### ACTION ITEM
Everything below from the line with "Pair of armchairs, red" through the line with "These lounge chairs" should be copied exactly, and nothing else; leave out the pictures.

### DATA TO EXAMINE
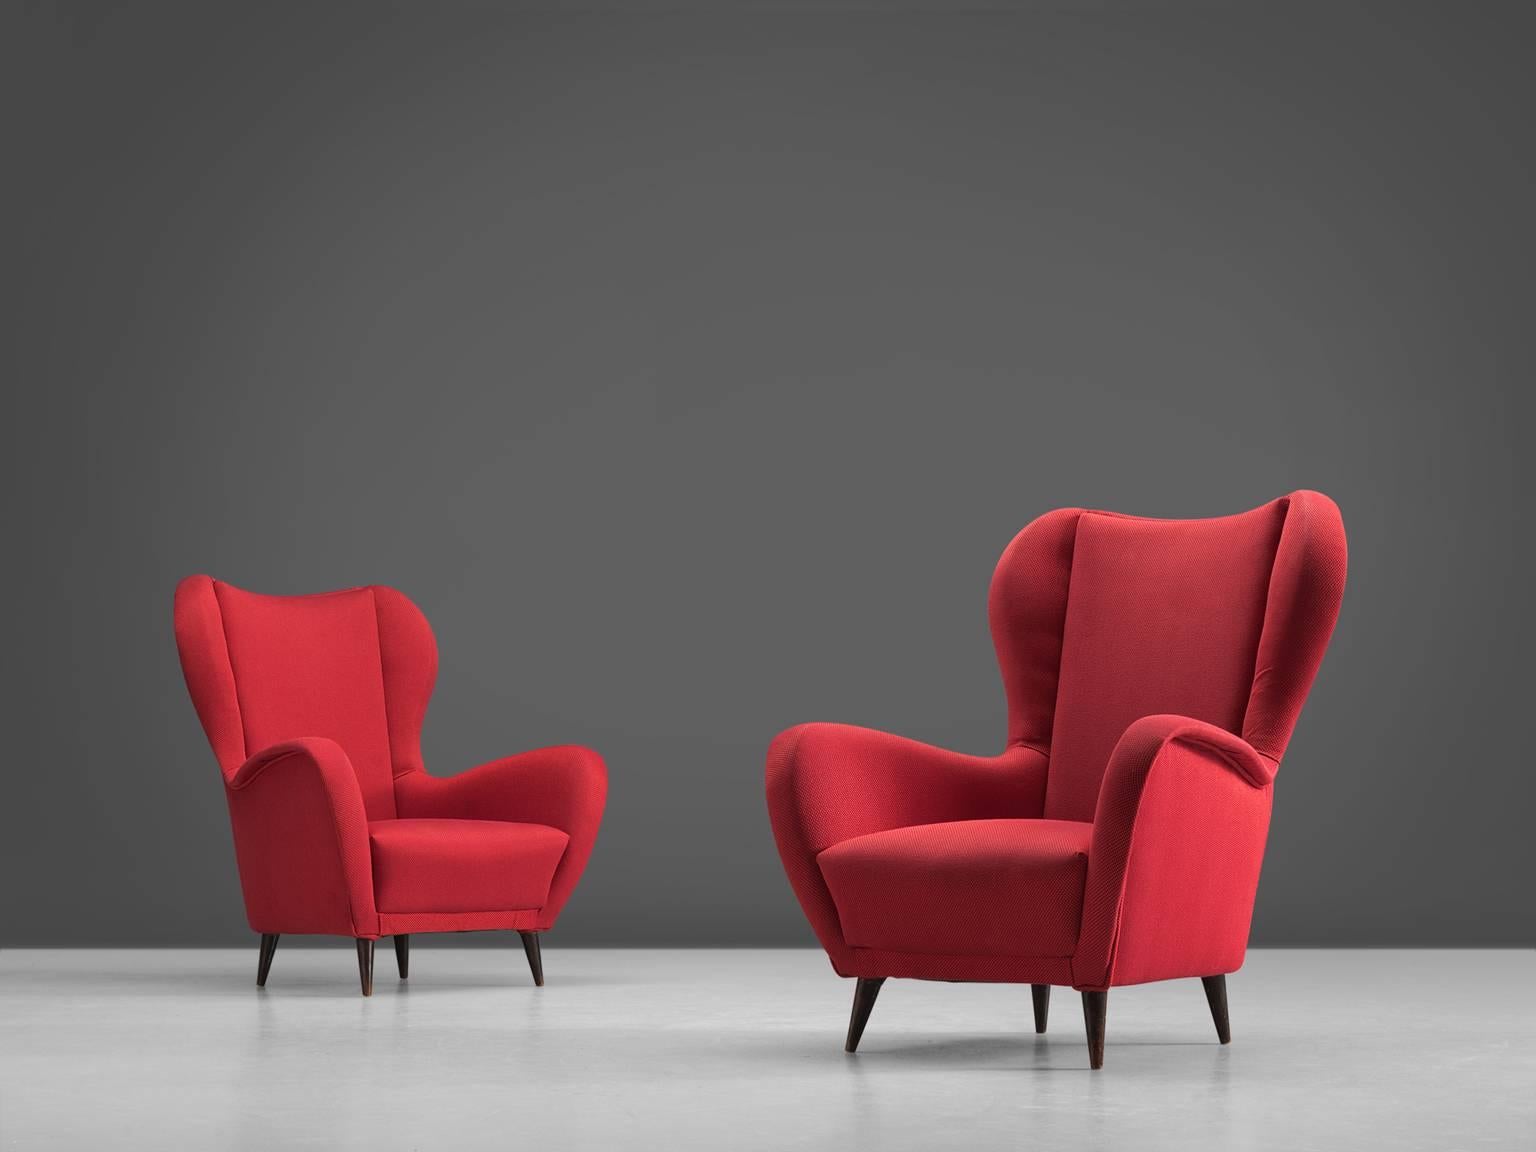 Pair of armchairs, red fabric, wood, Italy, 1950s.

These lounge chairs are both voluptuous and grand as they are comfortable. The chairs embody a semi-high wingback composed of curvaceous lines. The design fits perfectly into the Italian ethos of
==
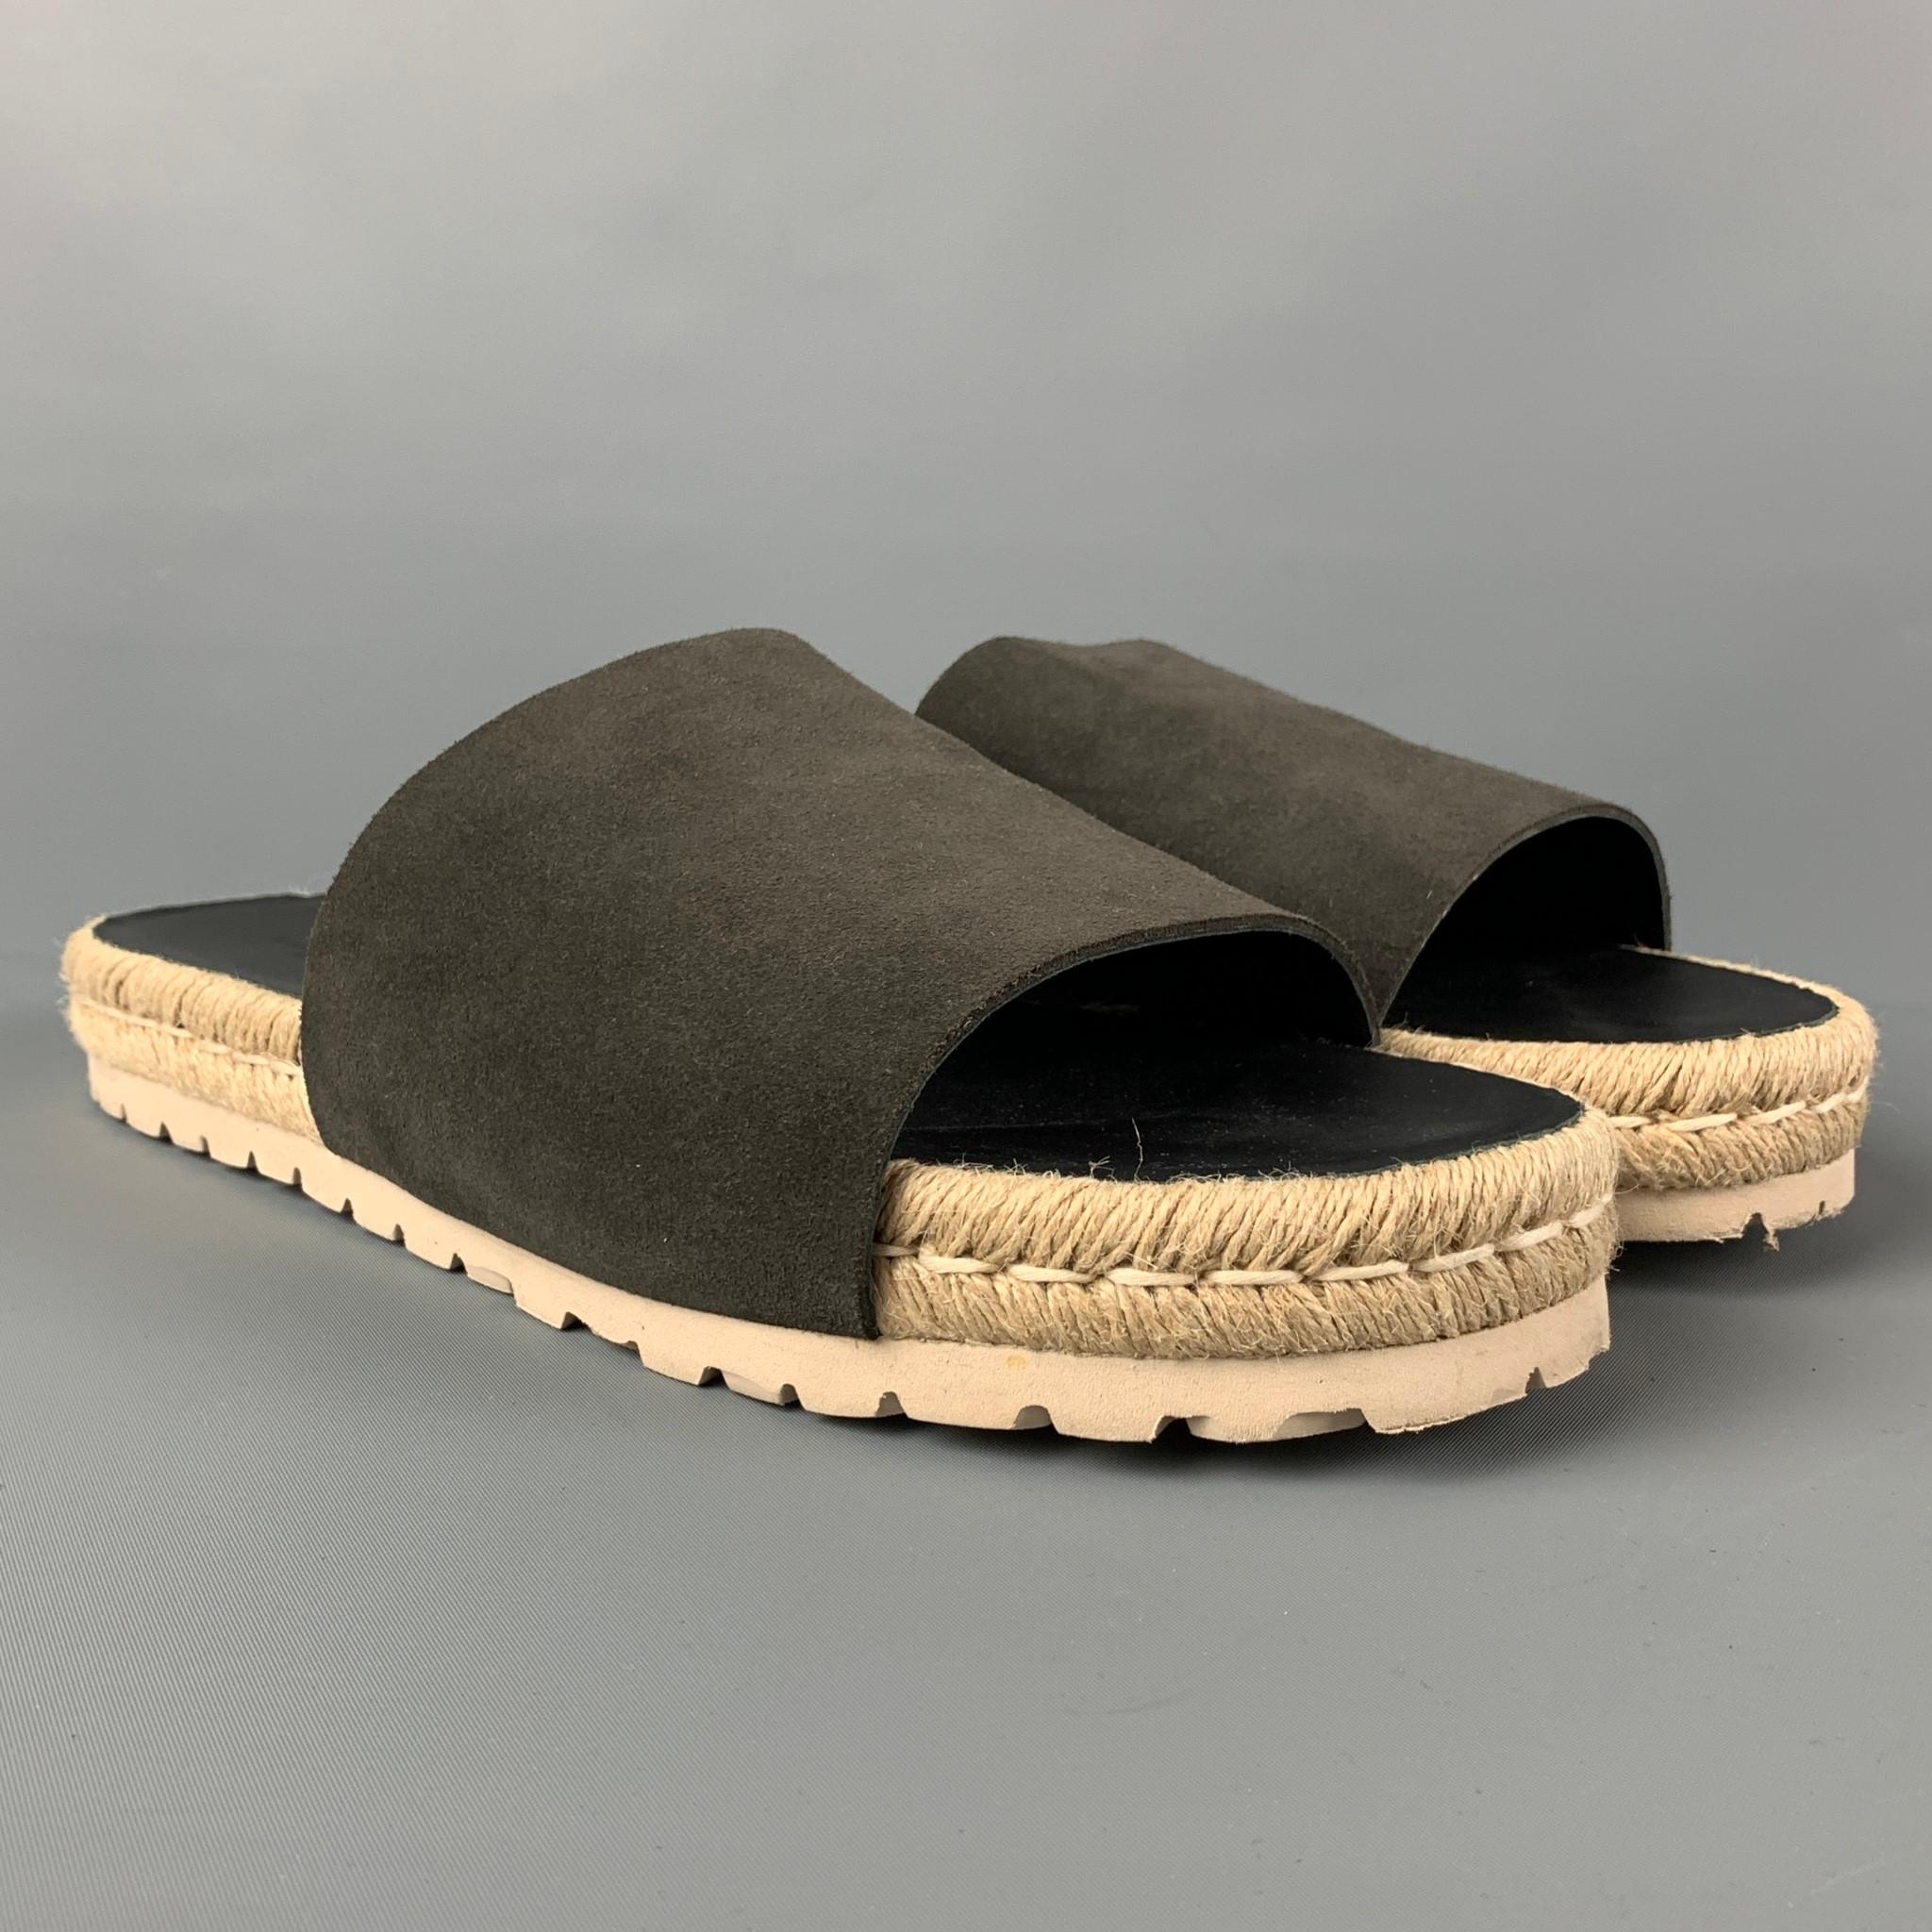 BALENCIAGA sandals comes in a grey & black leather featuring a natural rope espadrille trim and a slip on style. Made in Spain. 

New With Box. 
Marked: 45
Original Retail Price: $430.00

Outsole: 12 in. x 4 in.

### SOLUTION TO THIS TASK
 Pair of armchairs, red fabric, wood, Italy, 1950s.

These lounge chairs are both voluptuous and grand as they are comfortable. The chairs embody a semi-high wingback composed of curvaceous lines. The design fits perfectly into the Italian ethos of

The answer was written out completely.